Under Leader Sen. Mitch McConnell, Republicans’ Obstruction of Presidential Nominees Has Been Unprecedented

Think Progress:

After five years of filibusters, obstruction, lengthy waits for confirmation and arguments over whether the party that failed to win either the White House or the Senate nonetheless has the power to hold top government jobs open for as long as Barack Obama is president, Senate Democrats finally decided that enough is enough. On Thursday, nearly every member of the Democratic caucus invoked a procedural maneuver that will allow the Senate to confirm several blocked nominees by a majority vote. The era of minority rule is over, at least where it comes to almost every confirmation.

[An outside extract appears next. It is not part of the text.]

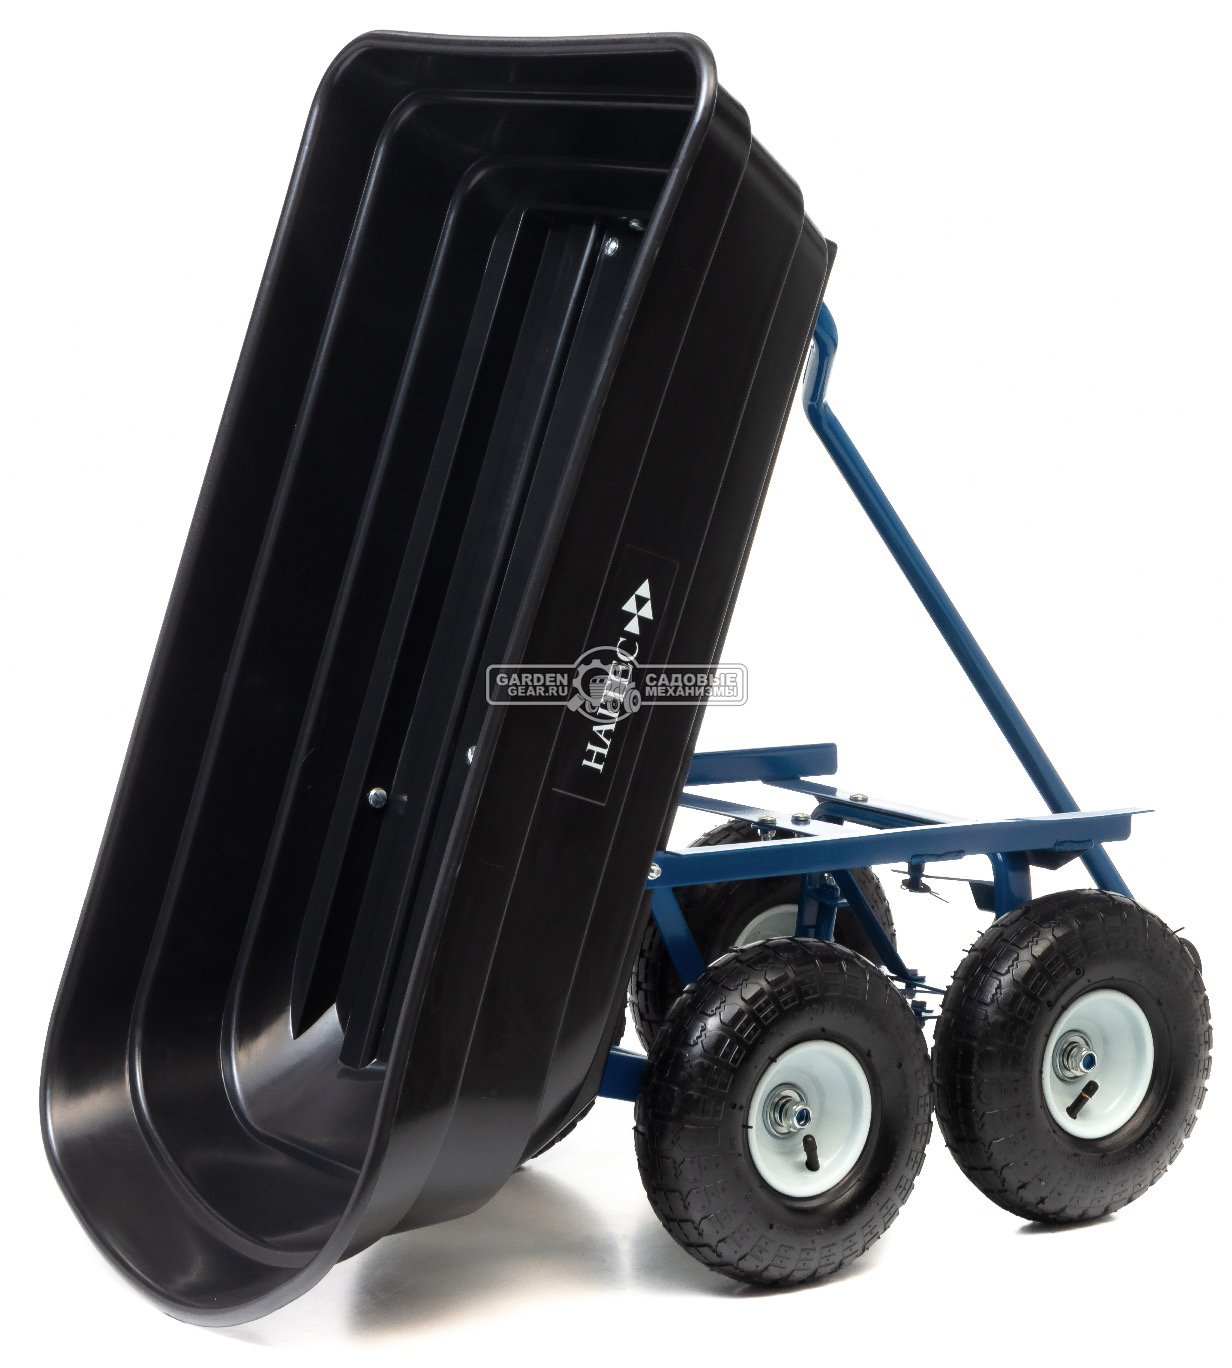 Тележка садовая Haitec HT-KW100 с механизмом опрокидывания (4 колеса, пластик. кузов 85x18x46,5 см., грузоподъемность 200 кг, объем 100 л, 13,9 кг.)

As the two parties try to blame each other for the circumstances that made this maneuver necessary, a lot of graphs, charts, statistics and outright fabrications are going to be thrown around by each side to prove that the other was the instigator. The truth, however, is that you only need to look at one chart to understand how we got here — this one:

Though it’s not a perfect measure, a common mechanism used to gauge the frequency of filibusters is the number of “cloture motions” filed during a particular Congress — “cloture” is the procedure used to break a filibuster. So, while filibusters certainly were not unheard of before Democrats gained their current majority and Sen. Mitch McConnell (R-KY) became the Republican leader, they spiked massively the minute McConnell assumed this position. Indeed, nearly 3 in 10 of all cloture motions filed in the history of the Senate were filed during McConnell’s tenure as Minority Leader. Any claim that the Senate’s current minority is simply following past practices is not credible. The filibuster existed before the Age of McConnell, but McConnell made them commonplace.